Drinking 10 ounces, or 293 milliliters, of water every 30 minutes is the recommendation of Dr. Mark Slabaugh, an orthopedic and sports medicine surgeon at Mercy Medical Center in Baltimore. "However, increasing wind chill requires even greater fluid intake," he says.
Get energy properly
If you're going to be exercising in the cold for more than an hour, it's important to eat some snacks to keep your blood sugar levels up.

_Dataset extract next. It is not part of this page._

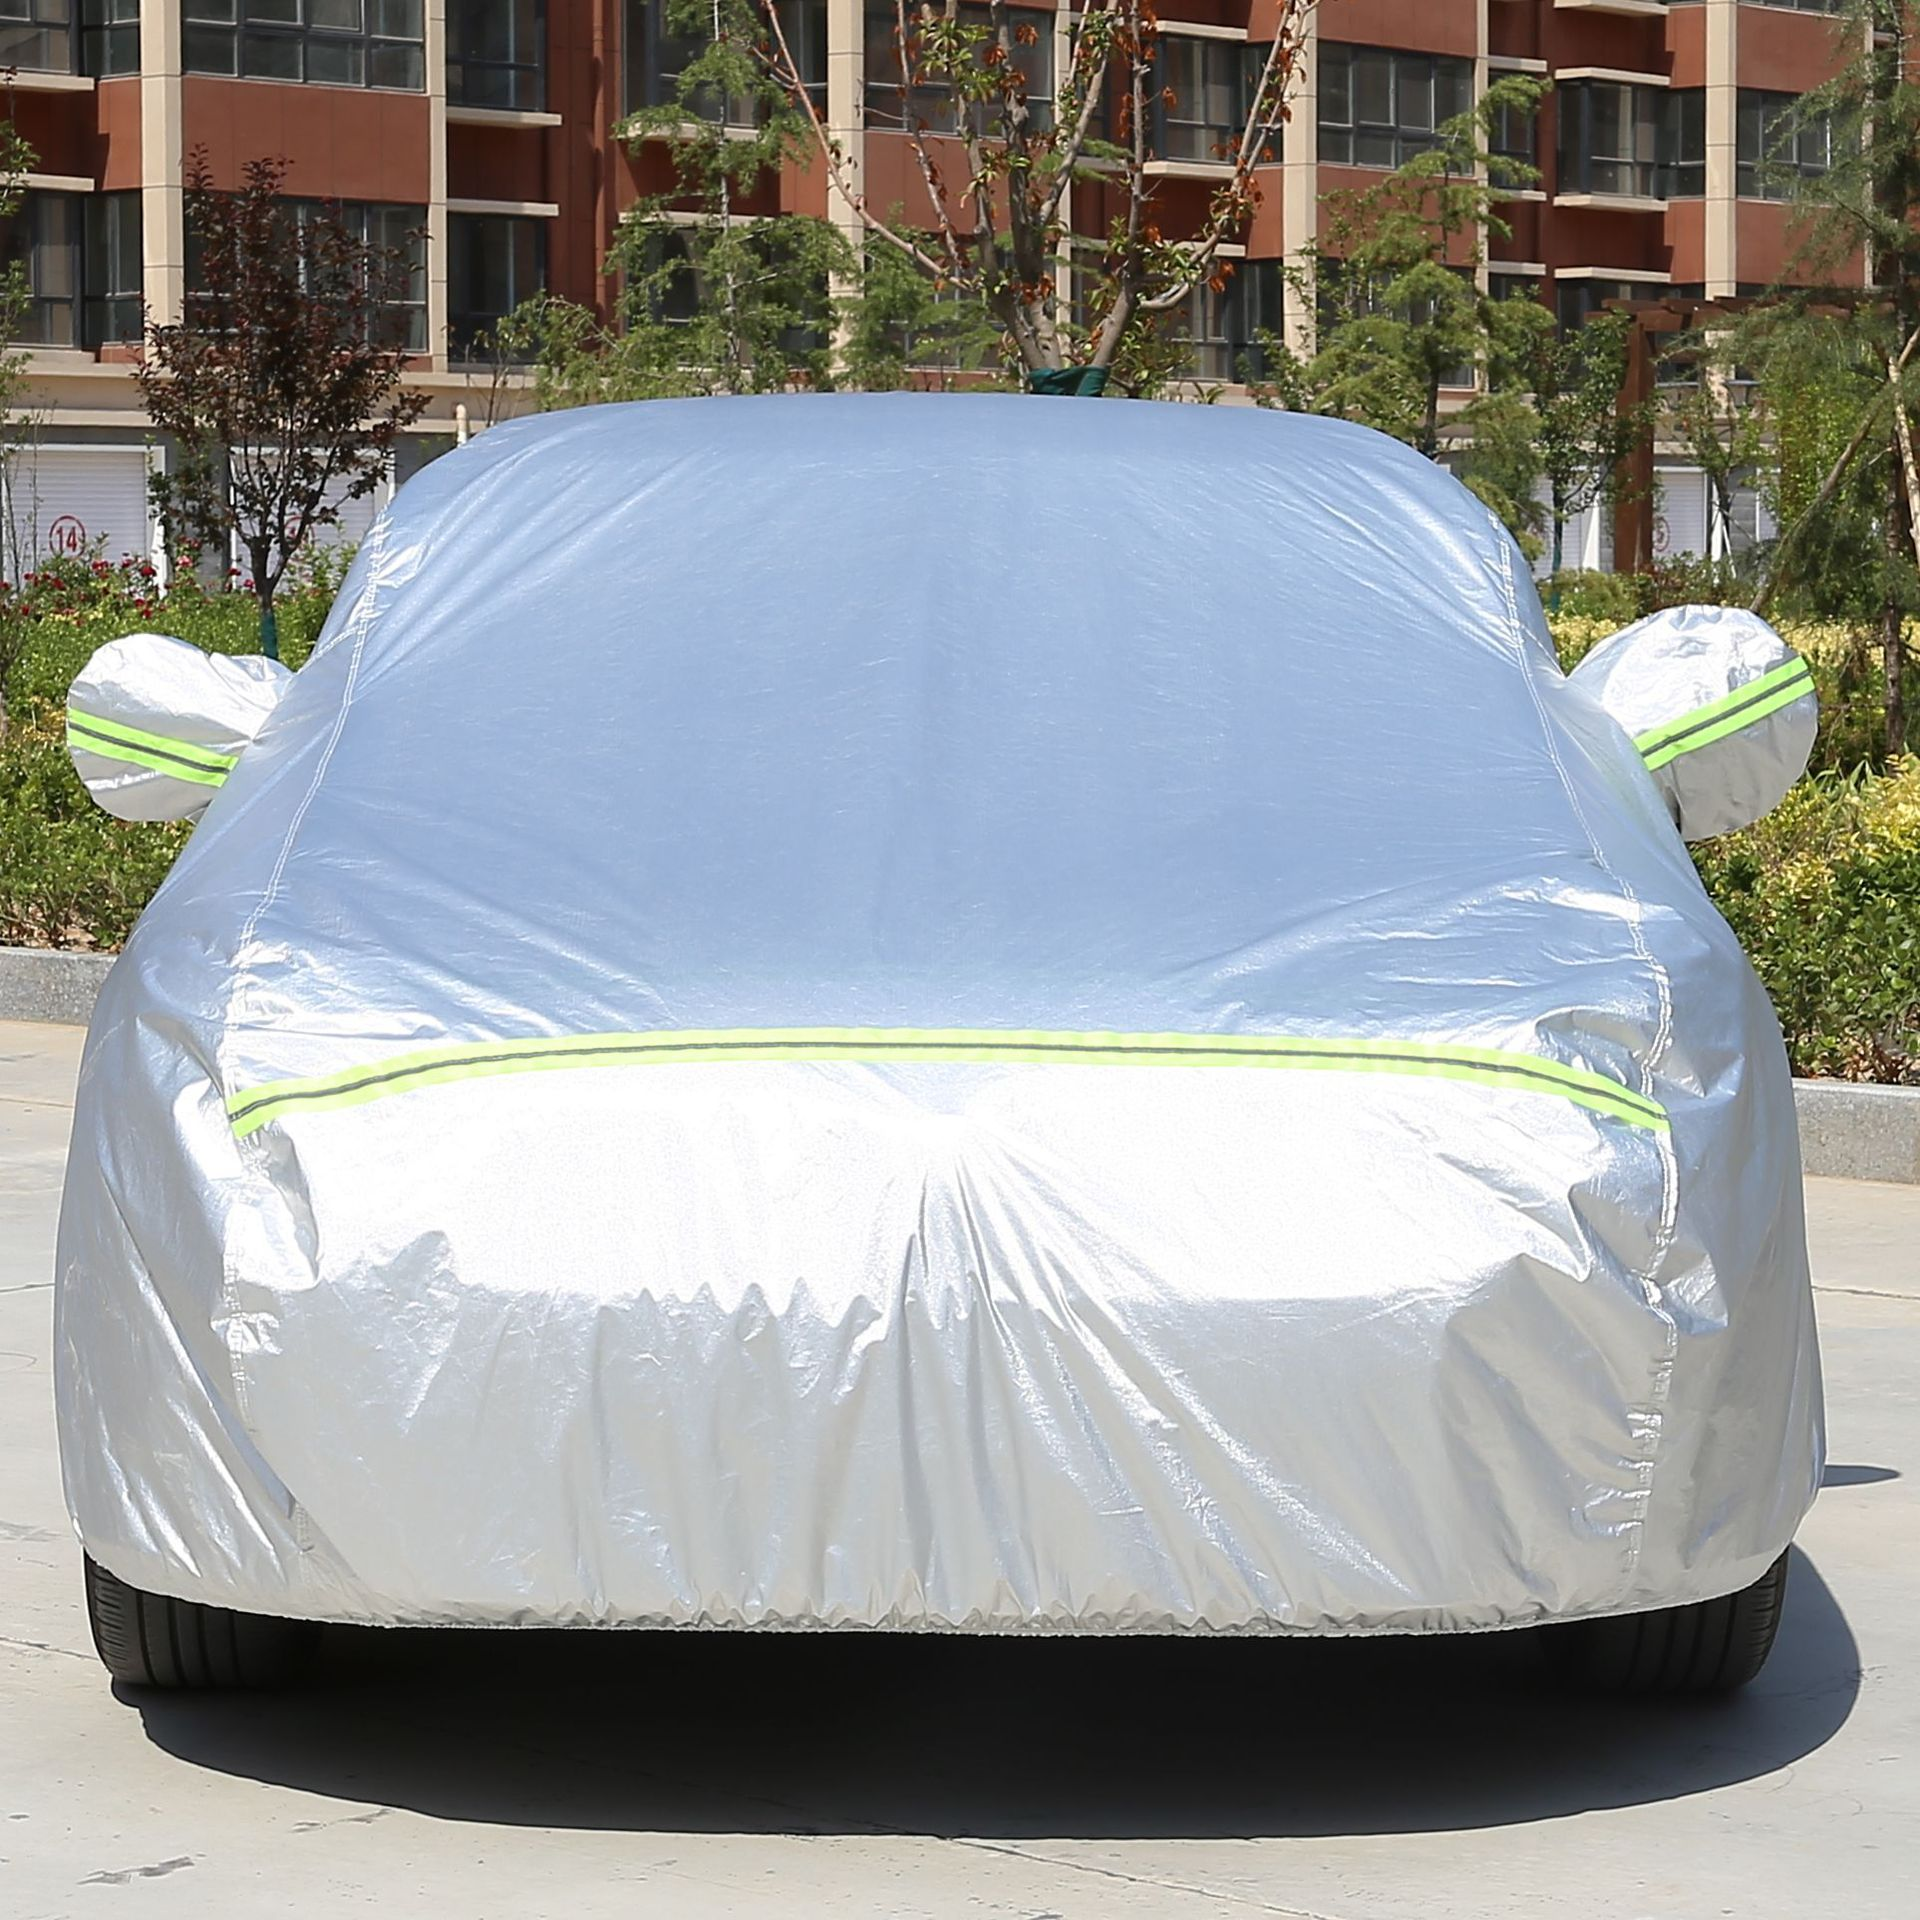 Thickened car clothing sunscreen clothing sunshade heat insulation car clothing rainproof car suppli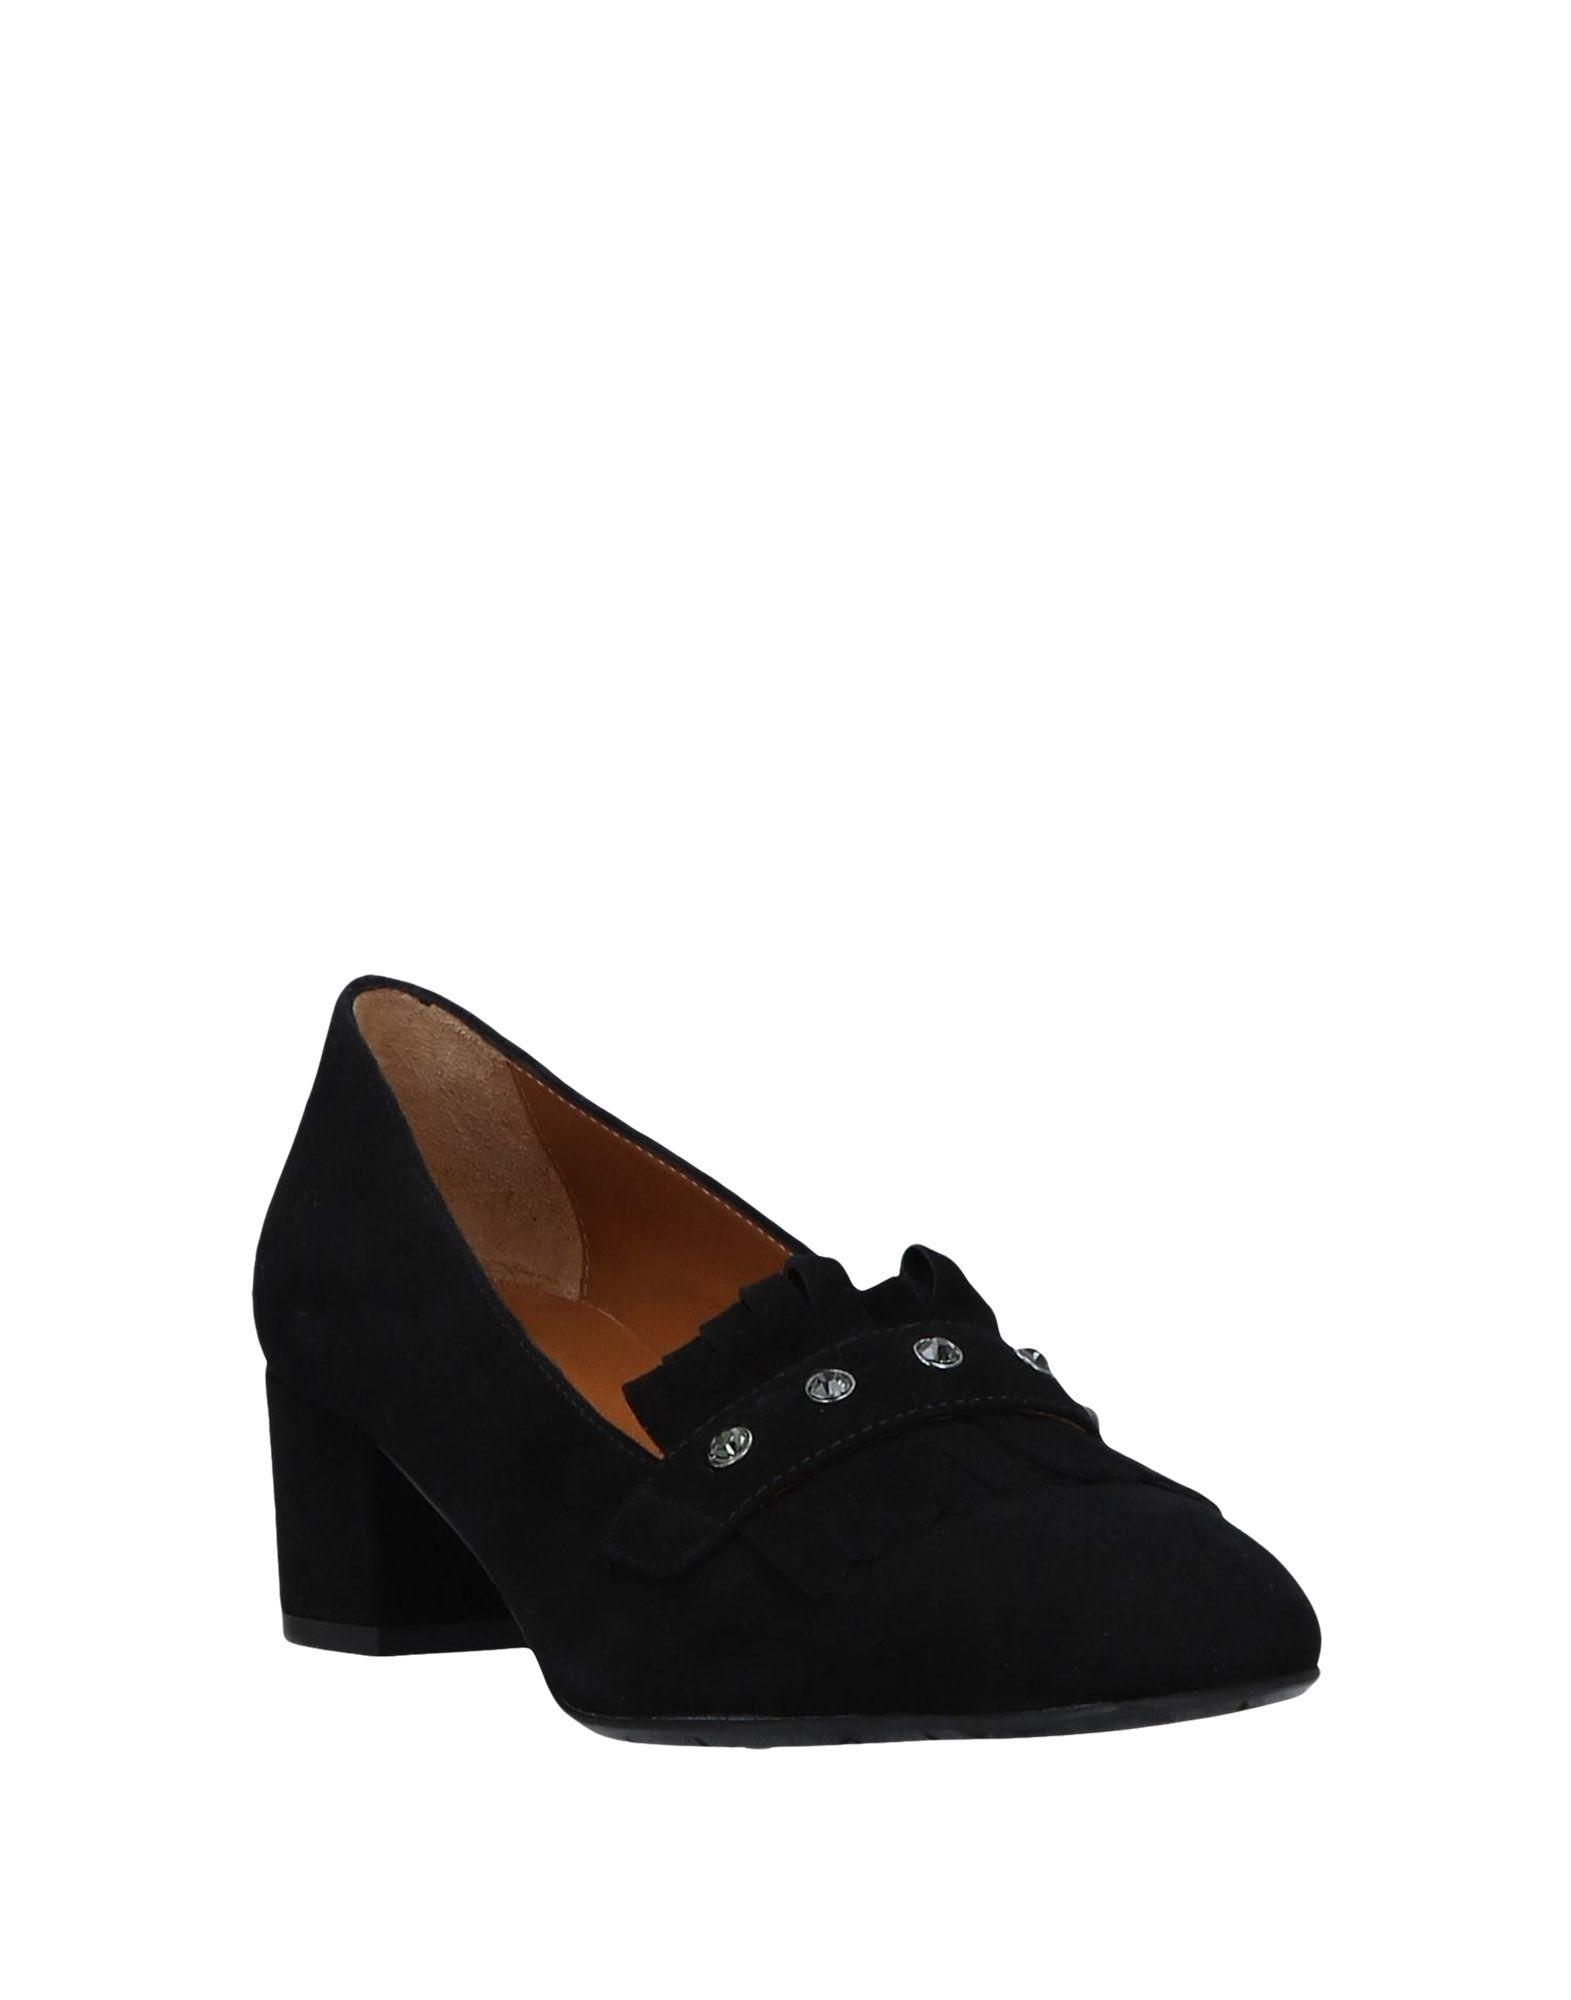 Fratelli Karida Mokassins Damen 11517140FJ  11517140FJ Damen Gute Qualität beliebte Schuhe b6870f

Some possibilities: a peanut butter sandwich, trail mix, or an energy bar.
"If your blood sugar drops too low, you'll lose your ability to shiver and your perception of cold," says Tipton. "You'll tend to think you're hotter than you are."
Stretch before and after exercising
Stretching is even more important during the cold winter months, when your muscles contract to conserve heat, making them tighter and more prone to injury, said Jorden Gold, founder of Stretch Zone, a chain of stretching facilities. professionally assisted stretching, and adjunct professor at the Educating Hands School of Massage.
"Think of your muscle like candy," he says. "A cold candy stick would tear or break if you tried to quickly bend or stretch it before warming it up in your hands first."
Stretching in winter is even more important.
Gold recommends performing dynamic warm-up stretches, such as leg kicks or arm circles, for at least 10 minutes when the temperature drops to 45°F or 7°C. Add five minutes to that for every 10 degrees cooler. After exercise, doing some static cool-down stretches, which refers to holding a position for 30 seconds or more, will help lower your heart rate and relax your muscles, as well as improve your range of motion and flexibility for future workouts.